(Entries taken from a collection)
⁂
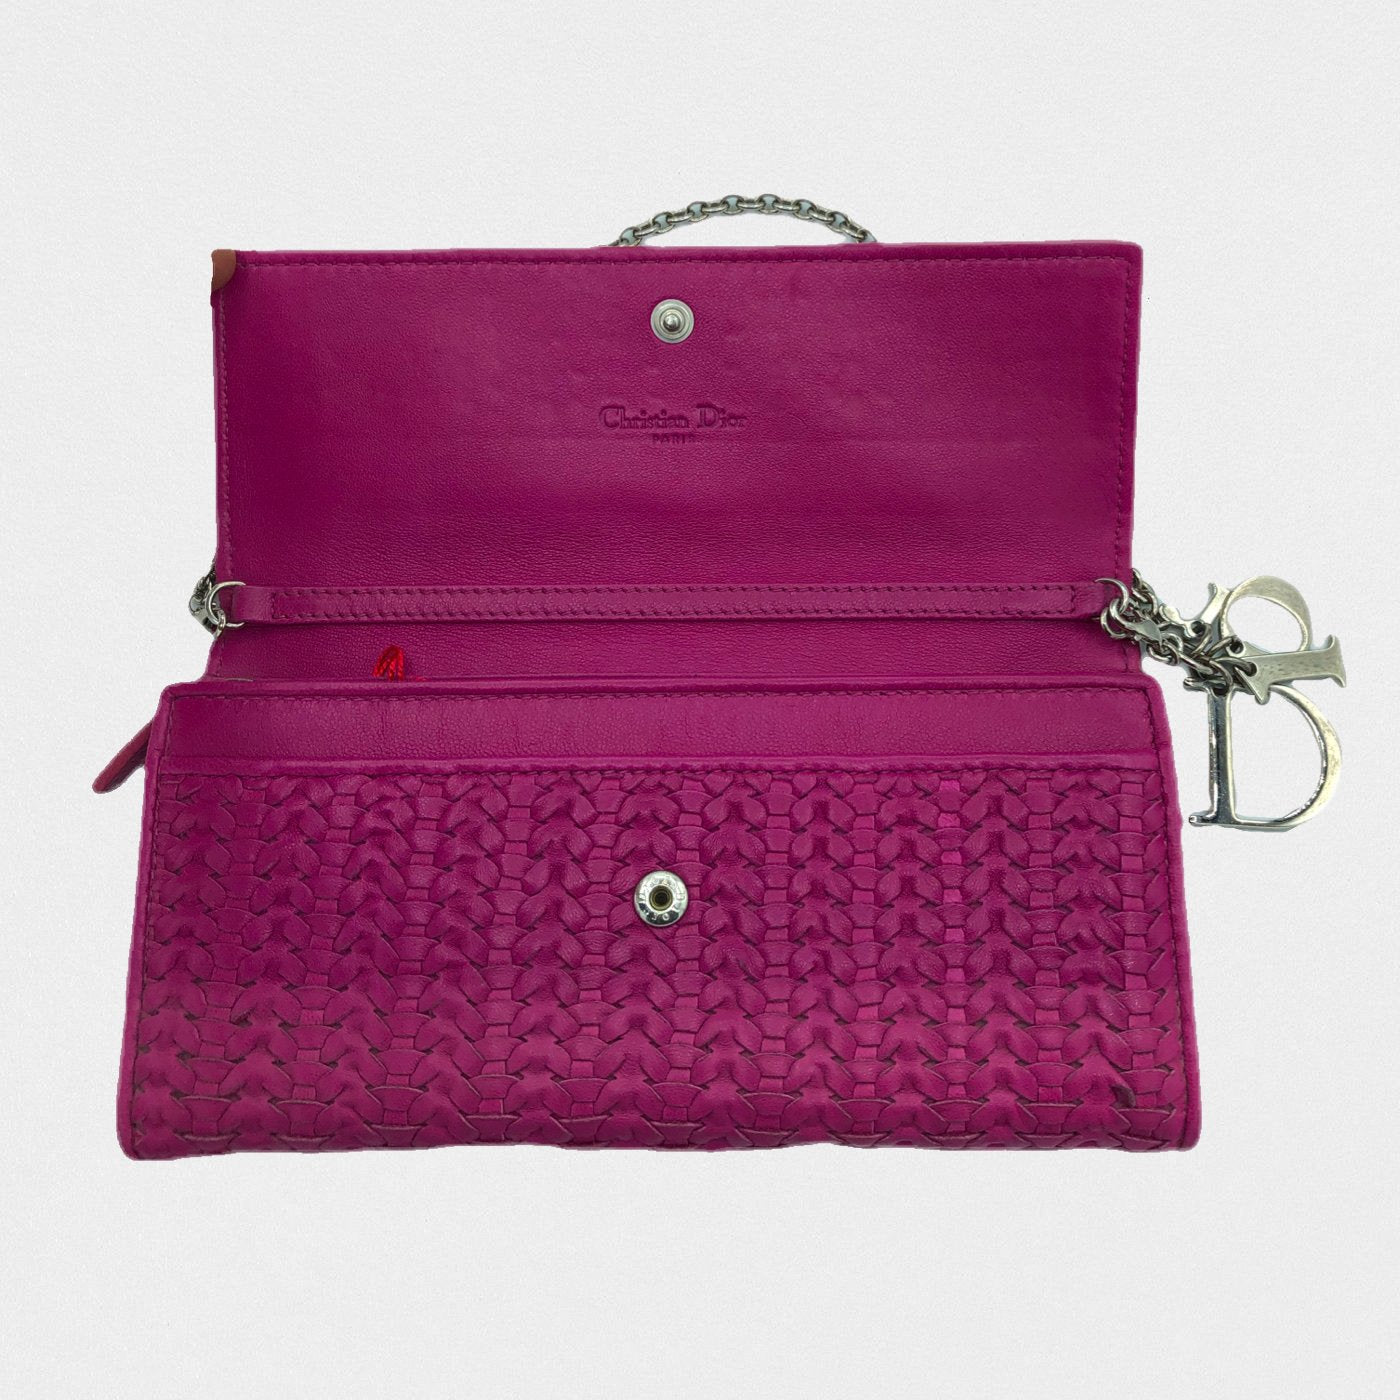 Lysis vintage Dior braided clutch - 2012
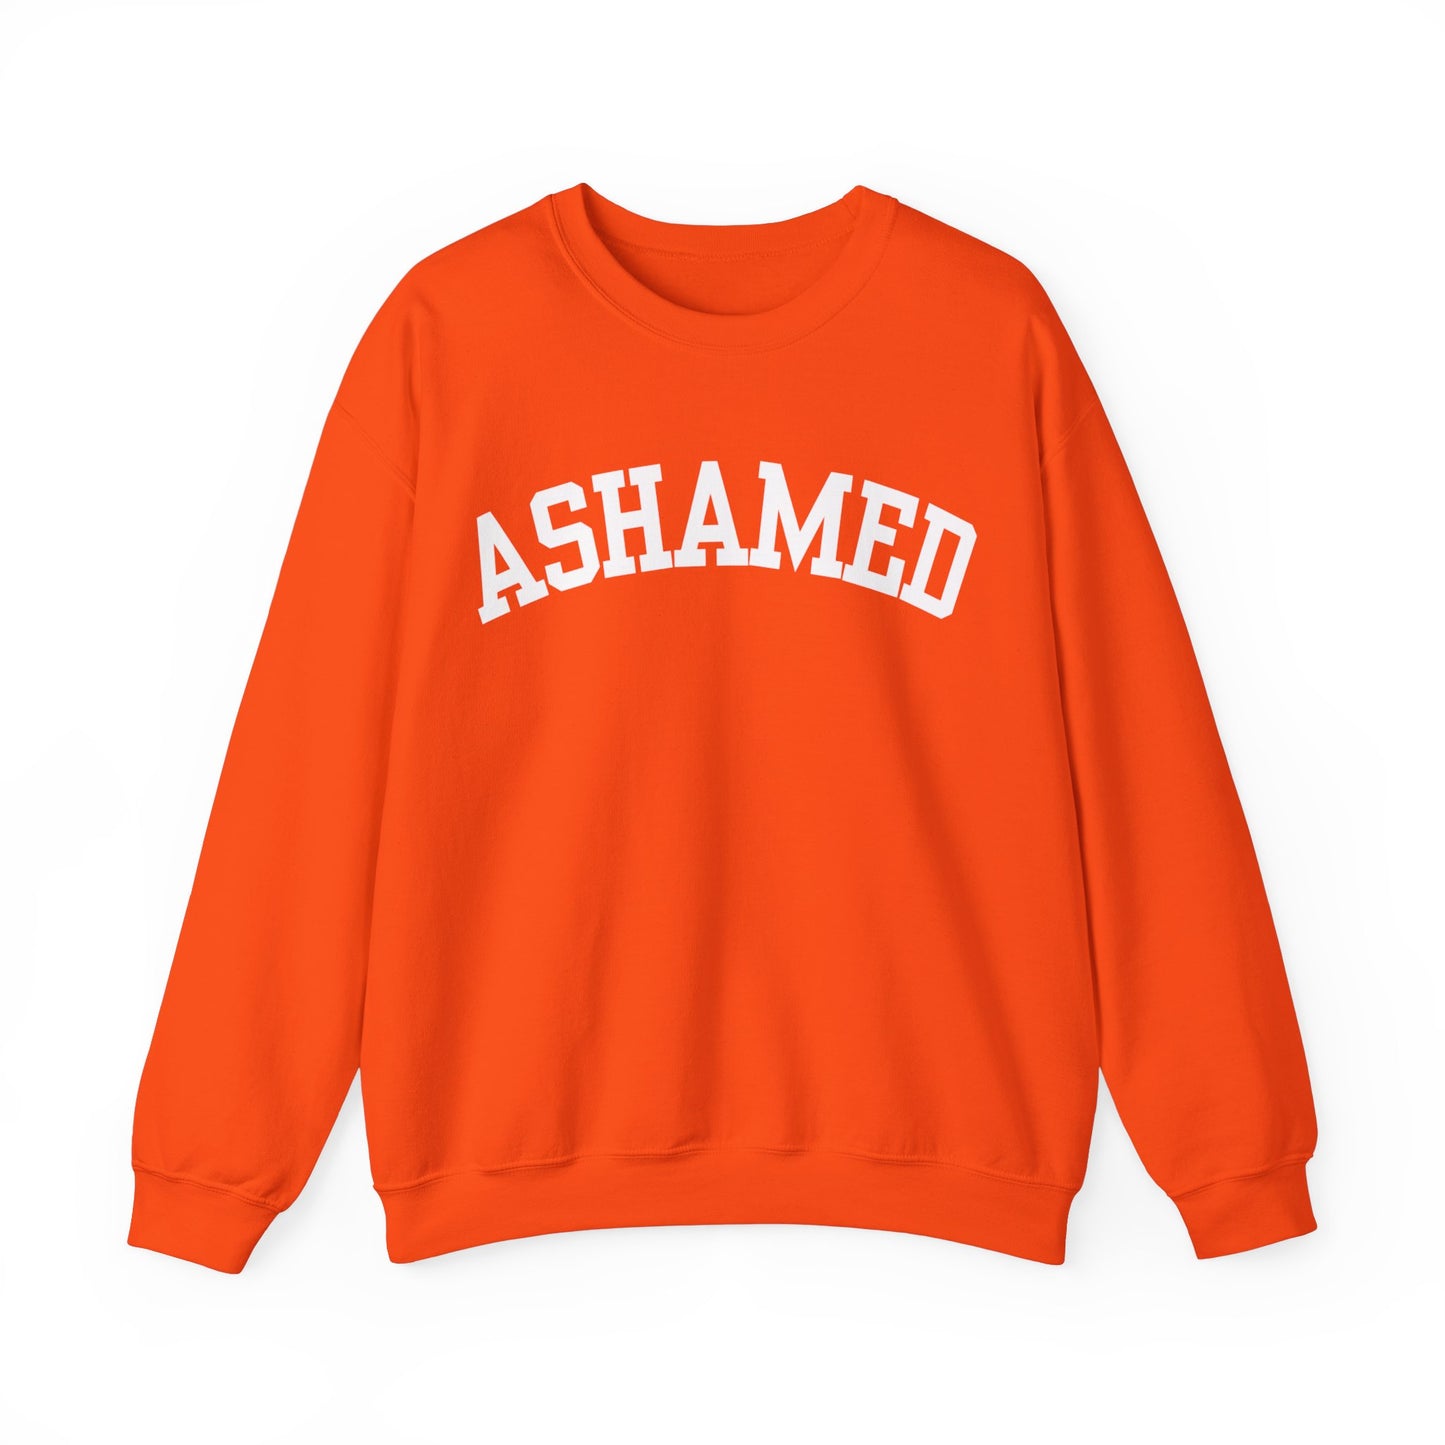 "Ashamed" Sweatshirt
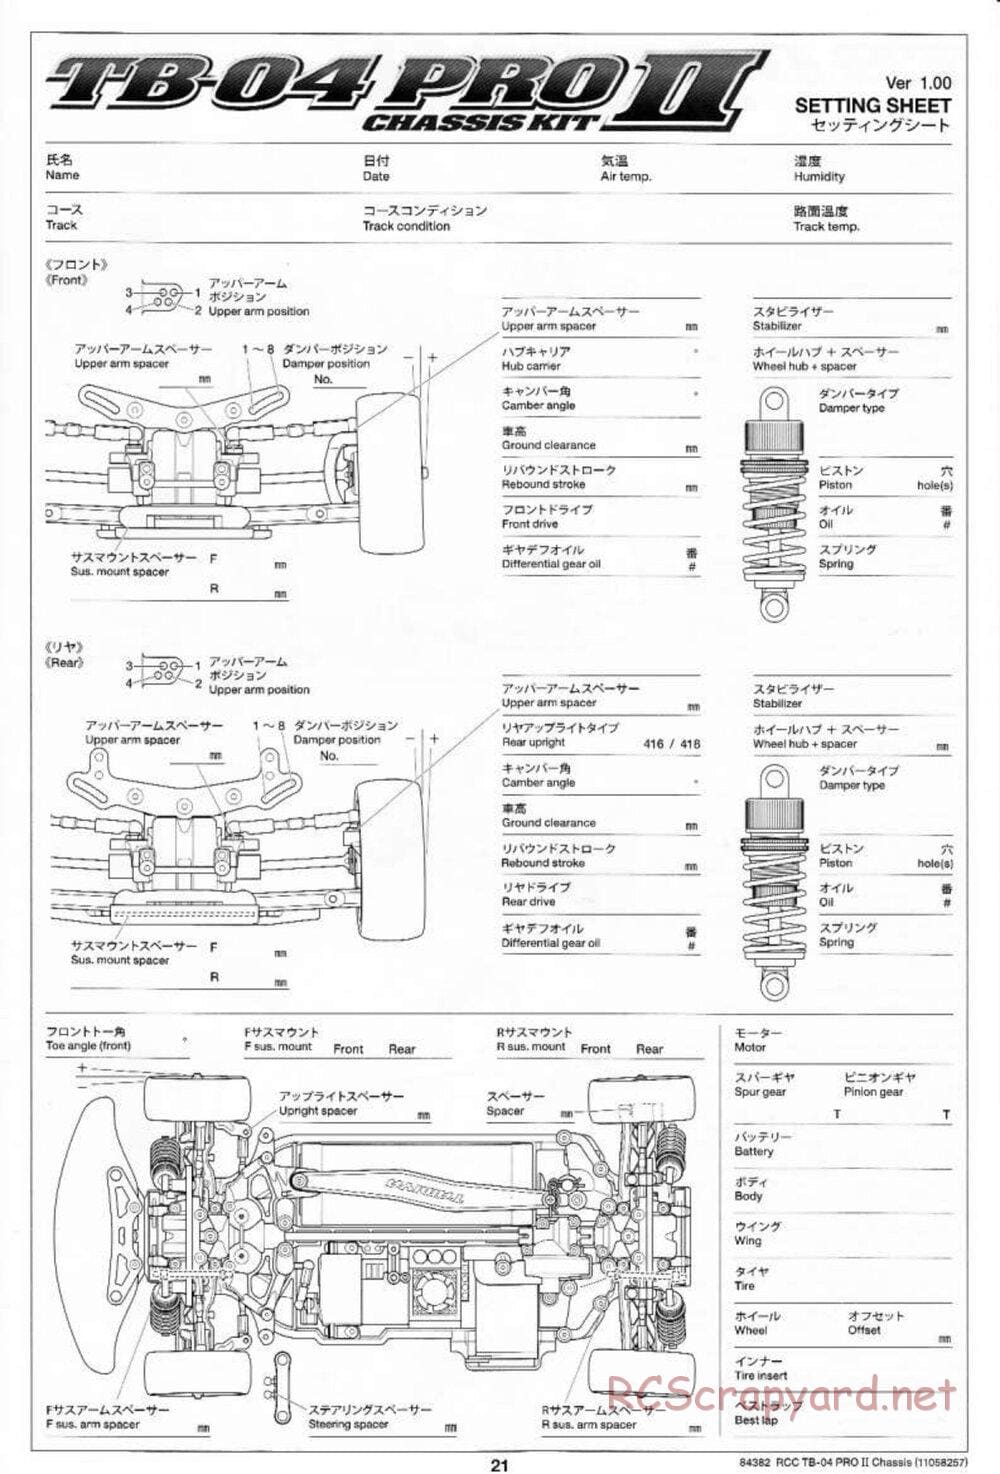 Tamiya - TB-04 Pro II Chassis - Manual - Page 21
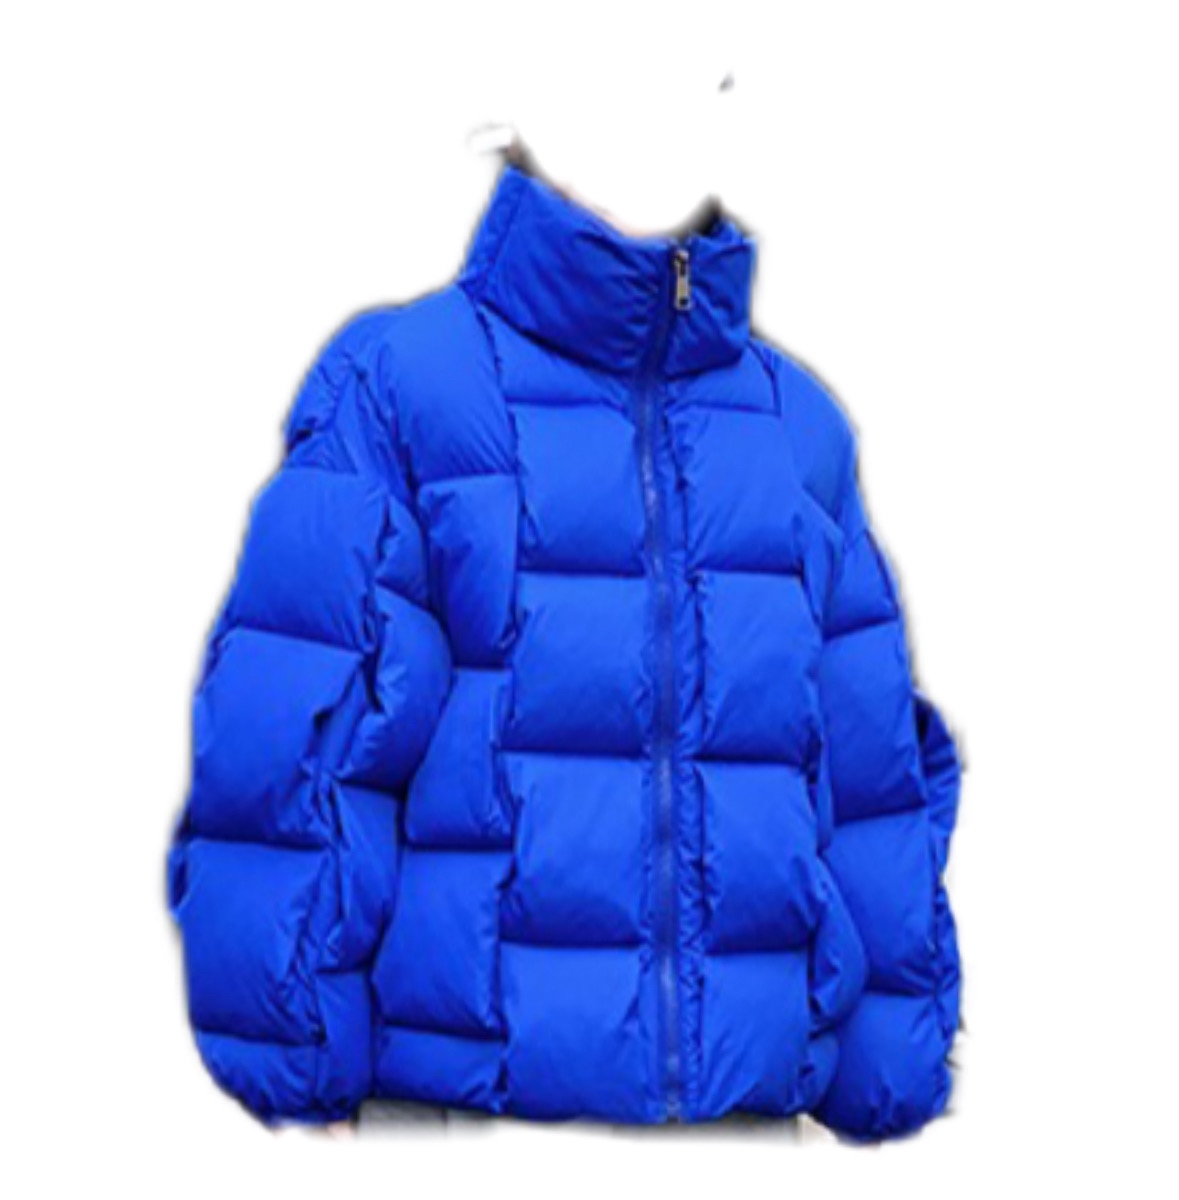 New look winter bubble puffer jacket
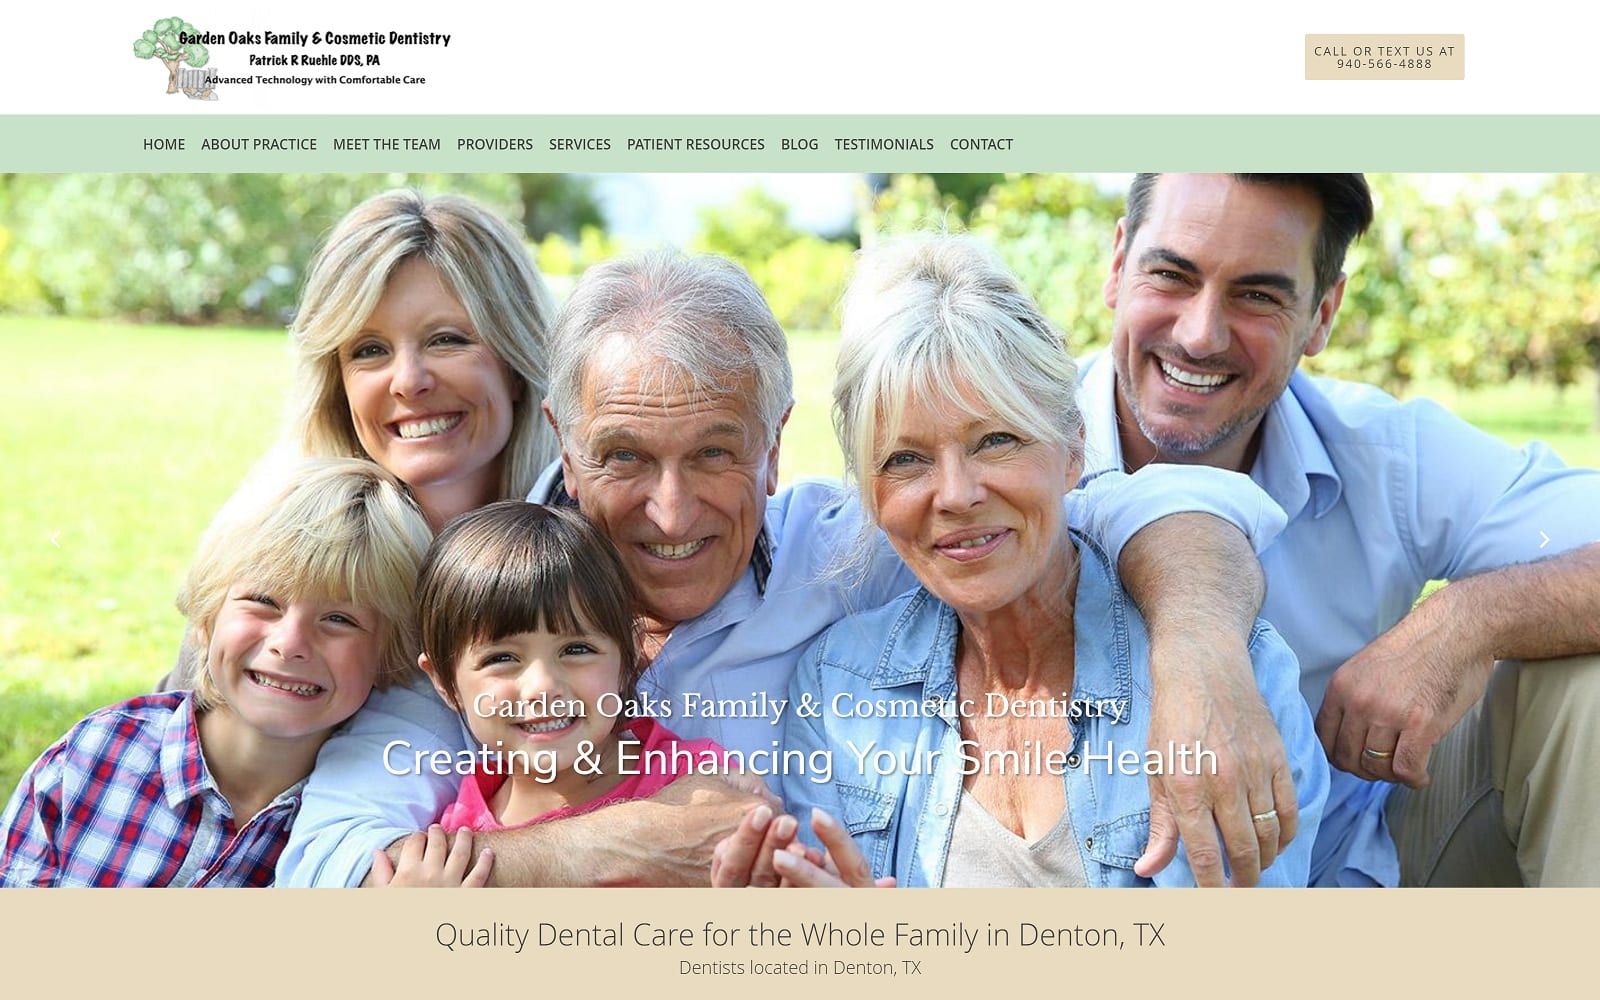 The screenshot of garden oaks family & cosmetic dentistry gardenoaksfamilydental. Com dr. Patrick ruehle website
⁂
Aim of the exercise: Lines from the one with "Tamiya - TB-04" through the final line of the records are the whole answer; print them exactly, minus any pictures.

Answer below:
 Tamiya - TB-04 Pro II Chassis - Manual - Page 21
 New look winter bubble puffer jacket
 The screenshot of garden oaks family & cosmetic dentistry gardenoaksfamilydental. Com dr. Patrick ruehle website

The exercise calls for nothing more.